** Problem to solve **
In full and without alteration, write out the lines below.

** Dataset excerpt **

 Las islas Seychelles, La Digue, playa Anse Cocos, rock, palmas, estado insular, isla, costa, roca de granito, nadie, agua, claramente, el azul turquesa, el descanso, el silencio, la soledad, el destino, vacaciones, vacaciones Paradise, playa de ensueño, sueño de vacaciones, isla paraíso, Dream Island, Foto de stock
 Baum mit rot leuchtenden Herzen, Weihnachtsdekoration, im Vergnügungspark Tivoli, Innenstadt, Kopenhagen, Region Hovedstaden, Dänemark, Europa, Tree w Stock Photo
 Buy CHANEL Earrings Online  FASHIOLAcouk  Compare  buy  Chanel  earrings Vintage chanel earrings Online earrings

** Answer section **
 Las islas Seychelles, La Digue, playa Anse Cocos, rock, palmas, estado insular, isla, costa, roca de granito, nadie, agua, claramente, el azul turquesa, el descanso, el silencio, la soledad, el destino, vacaciones, vacaciones Paradise, playa de ensueño, sueño de vacaciones, isla paraíso, Dream Island, Foto de stock
 Baum mit rot leuchtenden Herzen, Weihnachtsdekoration, im Vergnügungspark Tivoli, Innenstadt, Kopenhagen, Region Hovedstaden, Dänemark, Europa, Tree w Stock Photo
 Buy CHANEL Earrings Online  FASHIOLAcouk  Compare  buy  Chanel  earrings Vintage chanel earrings Online earrings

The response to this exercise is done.